A ray of sunlight struck through and lodged on his boot. A bumble-bee
alighted and strolled on the crown of his Panama hat. And the delicious
surge of slumber reached the brain beneath that hat, and the head swayed
forward and rested on his breast. Summer--summer! So went the hum.
The stable clock struck the quarter past. The dog Balthasar stretched
and looked up at his master. The thistledown no longer moved. The dog
placed his chin over the sunlit foot. It did not stir. The dog withdrew
his chin quickly, rose, and leaped on old Jolyon's lap, looked in his
face, whined; then, leaping down, sat on his haunches, gazing up. And
suddenly he uttered a long, long howl.
But the thistledown was still as death, and the face of his old master.
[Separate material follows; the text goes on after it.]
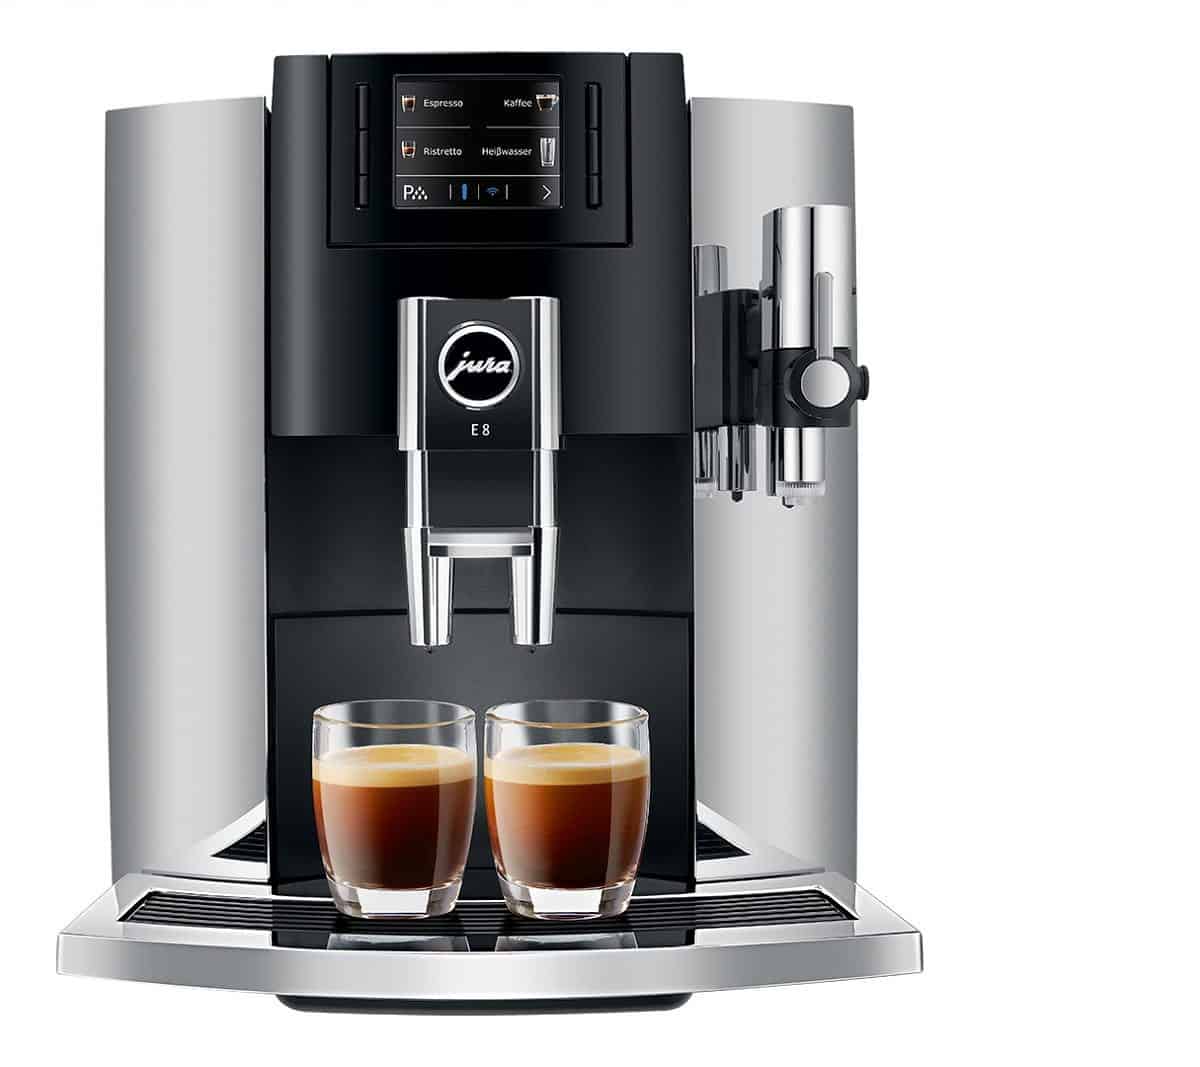 Jura E8 Espresso Coffee Machine Review 2022

Summer--summer--summer! The soundless footsteps on the grass! 1917
IN CHANCERY
Two households both alike in dignity,
From ancient grudge, break into new mutiny.
--Romeo and Juliet
TO JESSIE AND JOSEPH CONRAD
PART 1
CHAPTER I--AT TIMOTHY'S
The possessive instinct never stands still. Through florescence and
feud, frosts and fires, it followed the laws of progression even in
the Forsyte family which had believed it fixed for ever. Nor can it be
dissociated from environment any more than the quality of potato from
the soil.
The historian of the English eighties and nineties will, in his good
time, depict the somewhat rapid progression from self-contented and
contained provincialism to still more self-contented if less contained
imperialism--in other words, the 'possessive' instinct of the nation on
the move. And so, as if in conformity, was it with the Forsyte family.
They were spreading not merely on the surface, but within.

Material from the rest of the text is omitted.